The central bank also conducted screen-based OMOs, buying Rs 58,875 crore worth of securities during January.

In addition, the central bank also intervened in the government securities market, acquiring Rs 39,000 crore worth of bonds in the secondary market.

Despite this, the banking system has been in a net liquidity deficit for the past ten consecutive weeks. As of Thursday, the liquidity deficit stood at Rs 1.87 trillion, according to the latest RBI data.

This liquidity shortfall has primarily stemmed from the RBI’s aggressive interventions in the foreign exchange market, said market participants.

India’s foreign exchange reserves dropped by $2.5 billion to $635 billion during the week ending February 14, largely due to a decline in foreign currency assets, which fell by $4.5 billion during the period.

Foreign exchanges are down by almost $70 billion from the peak of $705 billion reached at the end of September.

On Friday, the rupee weakened against the dollar due to dollar demand among importers, and foreign investors withdrew from domestic markets, according to market dealers.
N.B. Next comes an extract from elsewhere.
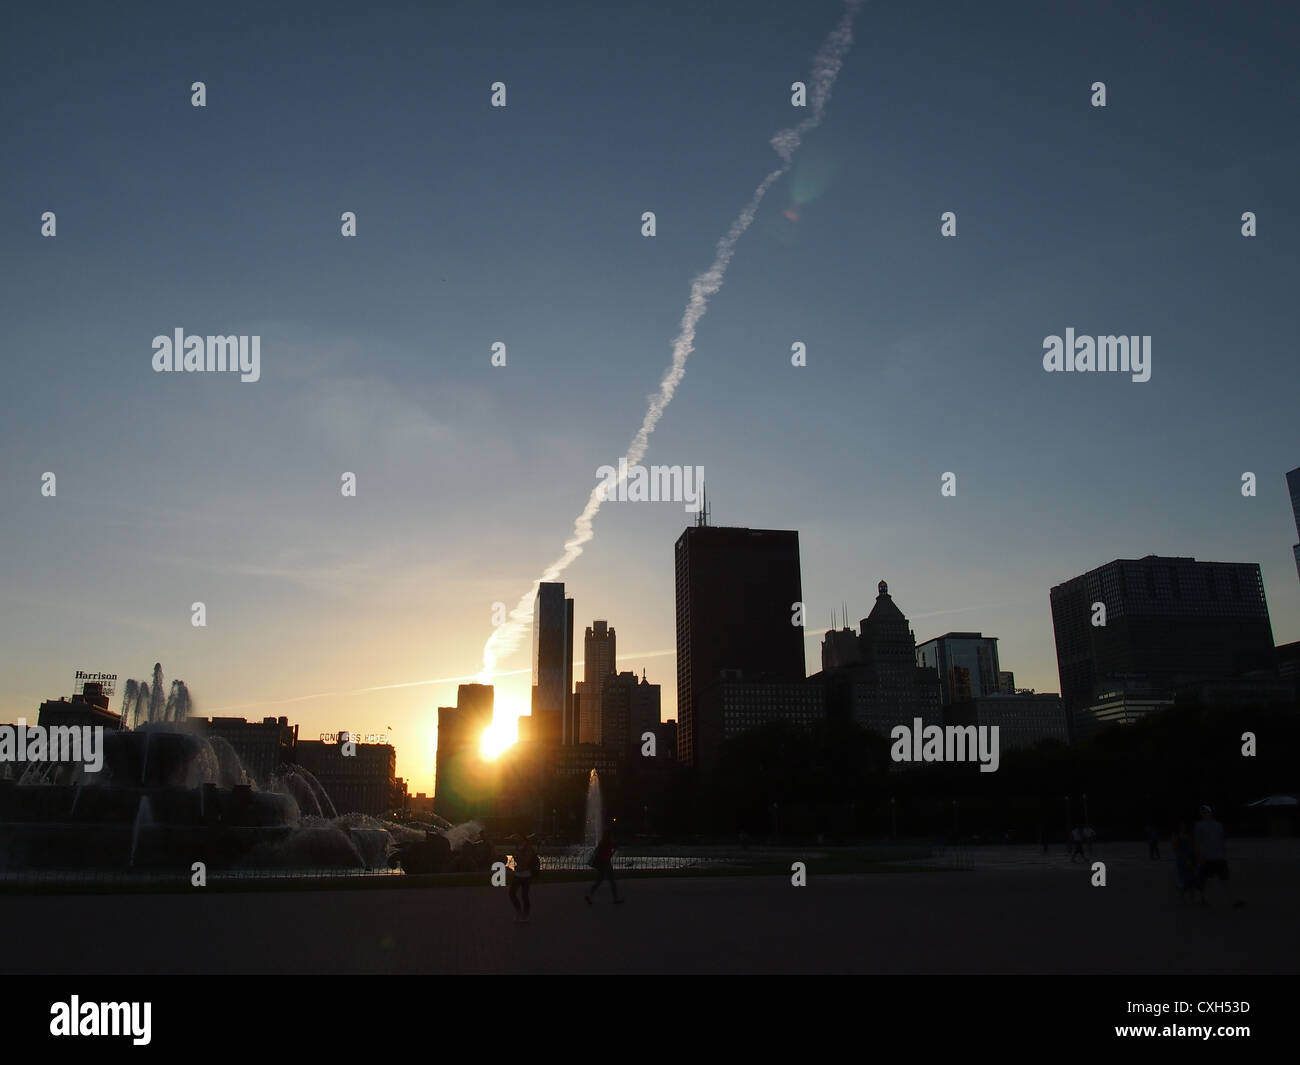 Dramatic View of Vapor-Trail on Chicago Skyline at Sunset Stock Photo

The rupee depreciated by 5 paisa against the dollar, closing at 86.71 per dollar, compared to 86.66 on Thursday.

The local currency appreciated up to 86.48 per dollar during the day tracking its Asian peers.

Meanwhile, the dollar index was steady at 106.6 on Friday. The index measures the strength of the US dollar against a basket of six major currencies.

“The equities were down and month end dollar demand was there. We opened with a gap, but again settled near yesterdays closing,” said a dealer at a State-owned bank.